Douglas County planning commission denies slaughterhouse proposal
MINDEN, Nev. — A raucous crowd gathered to oppose a slaughterhouse at Centerville, but in the end it was a reluctant planning commissioner that resulted in a denial.
On Tuesday, Sept. 10, Douglas County planning commissioners deadlocked 3-3 on the proposal, despite several attempts to get a decision.
Voting against the special use permit were JoEtta Brown, David Akola and Kirk Walder.
On the opposite side were Maureen Casey, Mark Neddenriep and Bryan Oland. Planning Commissioner DeVere Henderson was not at the meeting.
The applicant, through her representative, Rob Anderson, refused to agree to a continuance.
Under county code, Karin Sinclair of Sinclair Farms may appeal the planning commission decision to county commissioners.

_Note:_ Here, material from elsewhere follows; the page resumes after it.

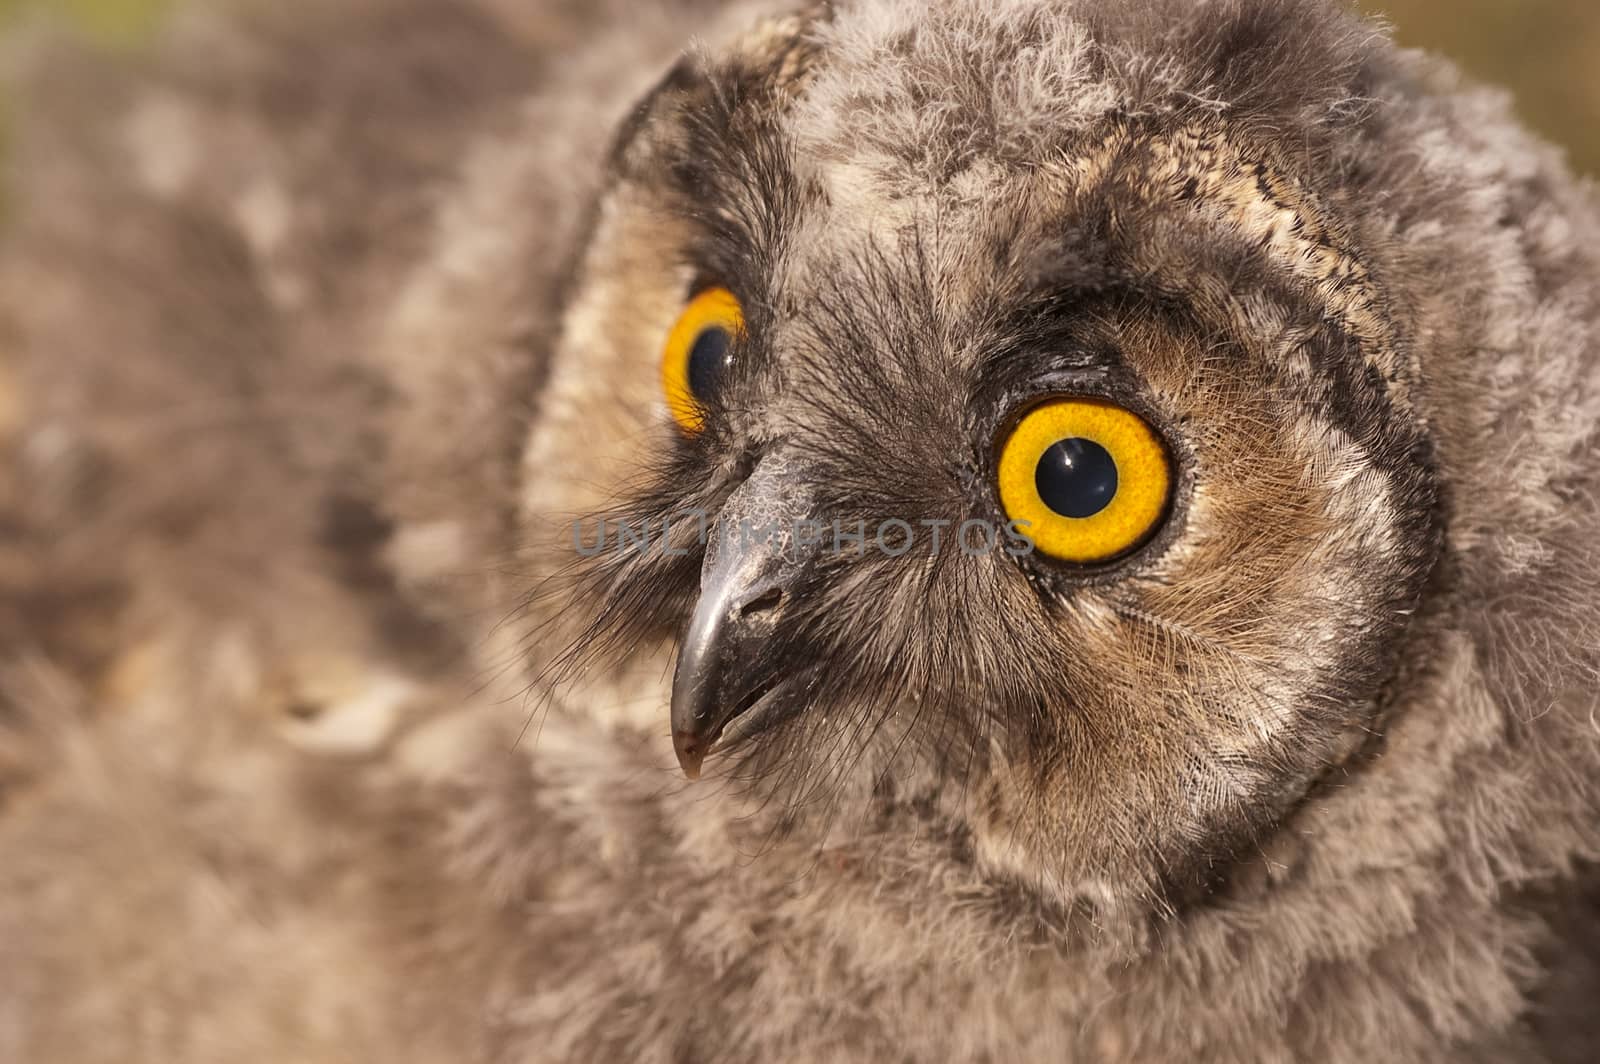 Long-eared owl, young (Asio otus), portrait  by jalonsohu@gmail.com

It was that prospect that prompted Casey to change her vote to break the deadlock.
While residents spoke on both sides, those opposed to what was described as an “abattoir” — another word for slaughterhouse — outnumbered supporters.
Lifelong Centerville resident Julian Larrouy opposed the request.
“I don’t think Centerville is the place for it,” he said. “We enjoy the outdoors in Centerville. I’d love to see the ranchers not have to travel so far, but my property values would plummet. When and if I put my home up for sale, I have to tell people there’s a slaughterhouse 300 yards away. Stink is stink.”
On the opposite side of the fence was resident Russell Scossa, who pointed out there were 250 cows on the property when it was the Storke Dairy.
“When I went to school we were less than half a mile from Carson Valley Meats, and I don’t remember the smell,” he said of his days at Douglas County High School.
Sinclair said she has purchased the Carson Valley Meats name. The Gardnerville slaughterhouse closed in 1997 after houses were approved next door as part of Chichester Estates.
The 60-acre former dairy operated for six decades before it closed. There are no operating dairies in Carson Valley.